We( Cherokee Health Systems) are one of the primary grant receipts for AOU, this means that we have to run the entire ETL process every 6 weeks ( it appears that this is going to move to a faster iteration). This is a tremendous amount of data to reprocess on a regular basis.

As to the speed comment I made, I was referring to OrientDB, according to benchmarks, should be faster than NEO4J as to it allows Graph transversals from one node to another or direct lookups using a an index much like standard relational systems. @ Christian_Reich I am sorry, I was not clear on that point.

I realize that our pain point is not the same that most will have; I do not expect the entire process to change to fit into our needs. I am encouraged that others are interested in cleaning up the process.

(Luke Rasmussen) #6

Thanks all for your replies and helpful resources!!

@keesvanbochove - I will definitely check out that presentation, thank you! And we are integrating other types of data along with the OMOP, sorry for not clarifying that.

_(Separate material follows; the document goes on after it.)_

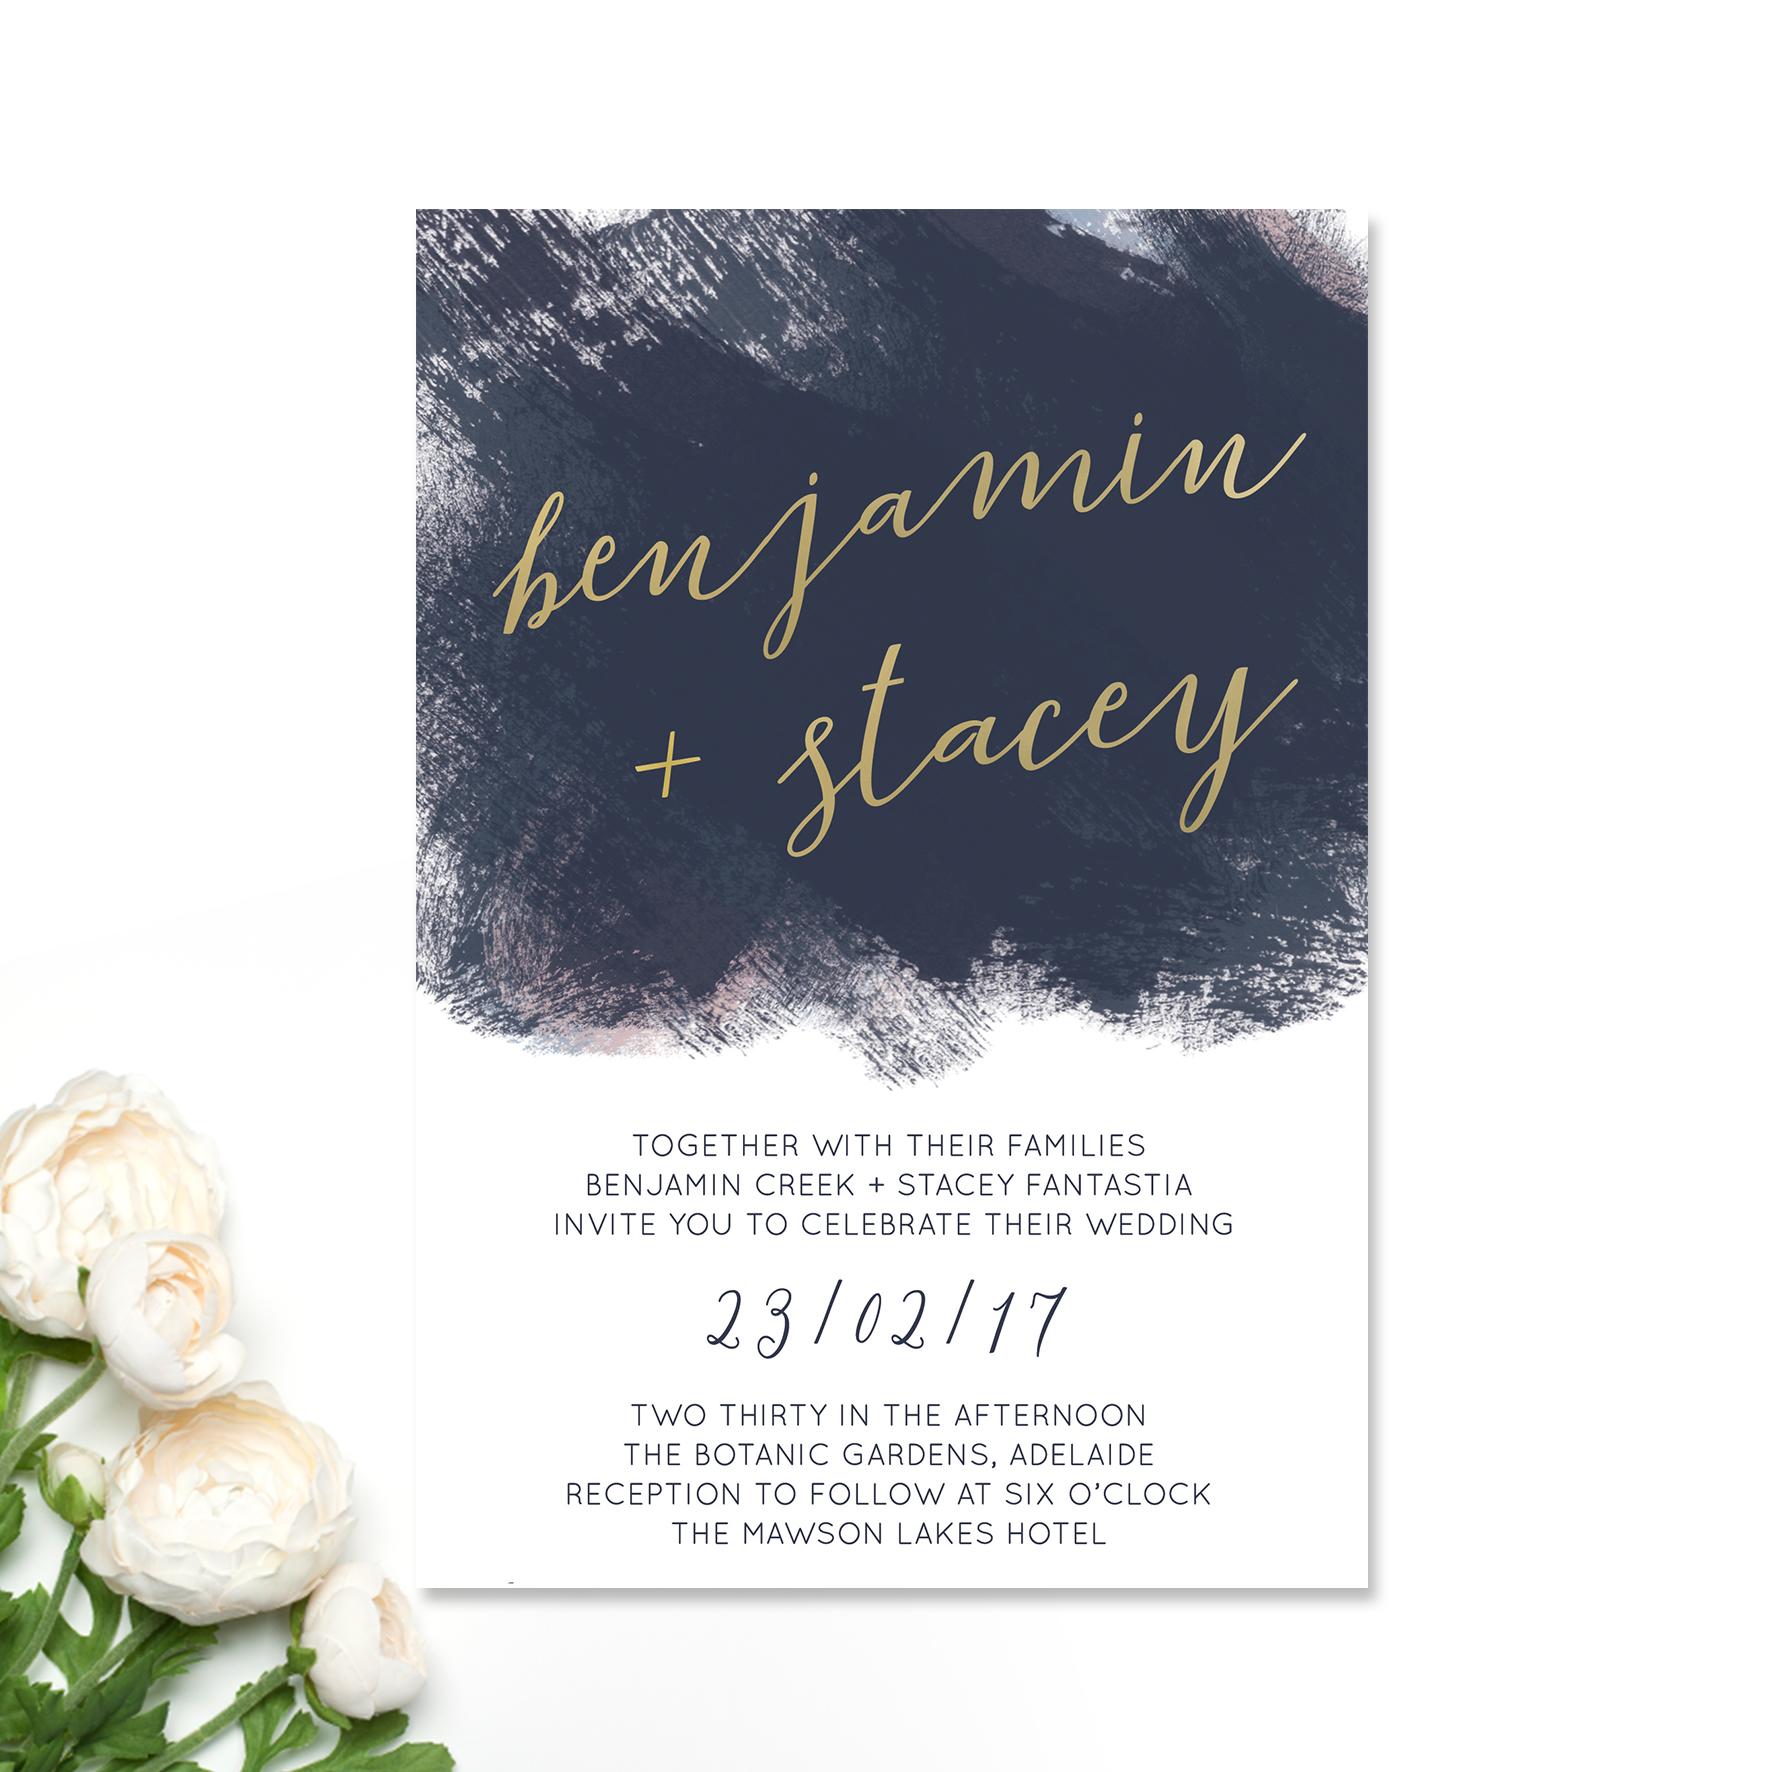 Navy + Blush Splash Wedding Invitation

@Mark - the team I’m working with has past experience working with Neo4J so I think we will be progressing with that. But thank you for the suggestion of OrientDB. I’ll mention it to the team and investigate some myself.

@Christian_Reich - we’re hoping to be able to traverse and discover more complex relationships/patterns across a graph structure, but I certainly appreciate your question “why?” We are tracking performance and fit to purpose of this as we progress with the project, but getting started with some hands-on experience will help us validate it further.

(Andrew Williams) #7

I suspect that the current work in N3C to link COVID data in OMOP form to the knowledge bases and ontologies used in NIH Translator projects will build some of what’s needed to do the work you are interested. Whether OMOPed vocabs get represented in Neo4J or not, this work will enable analyses that require a graph representation to utilize clinical data in OMOP form. It’s evolving work but I think has a variety of important use cases of interest to the OHDSI community. Other at your shop are involved. It would be great to keep on top of its implications and value for OHDSI and help this community decide whether and how push mature solutions developed in N3C and Translator toward new or extended OHDSI tools, CDM modules etc.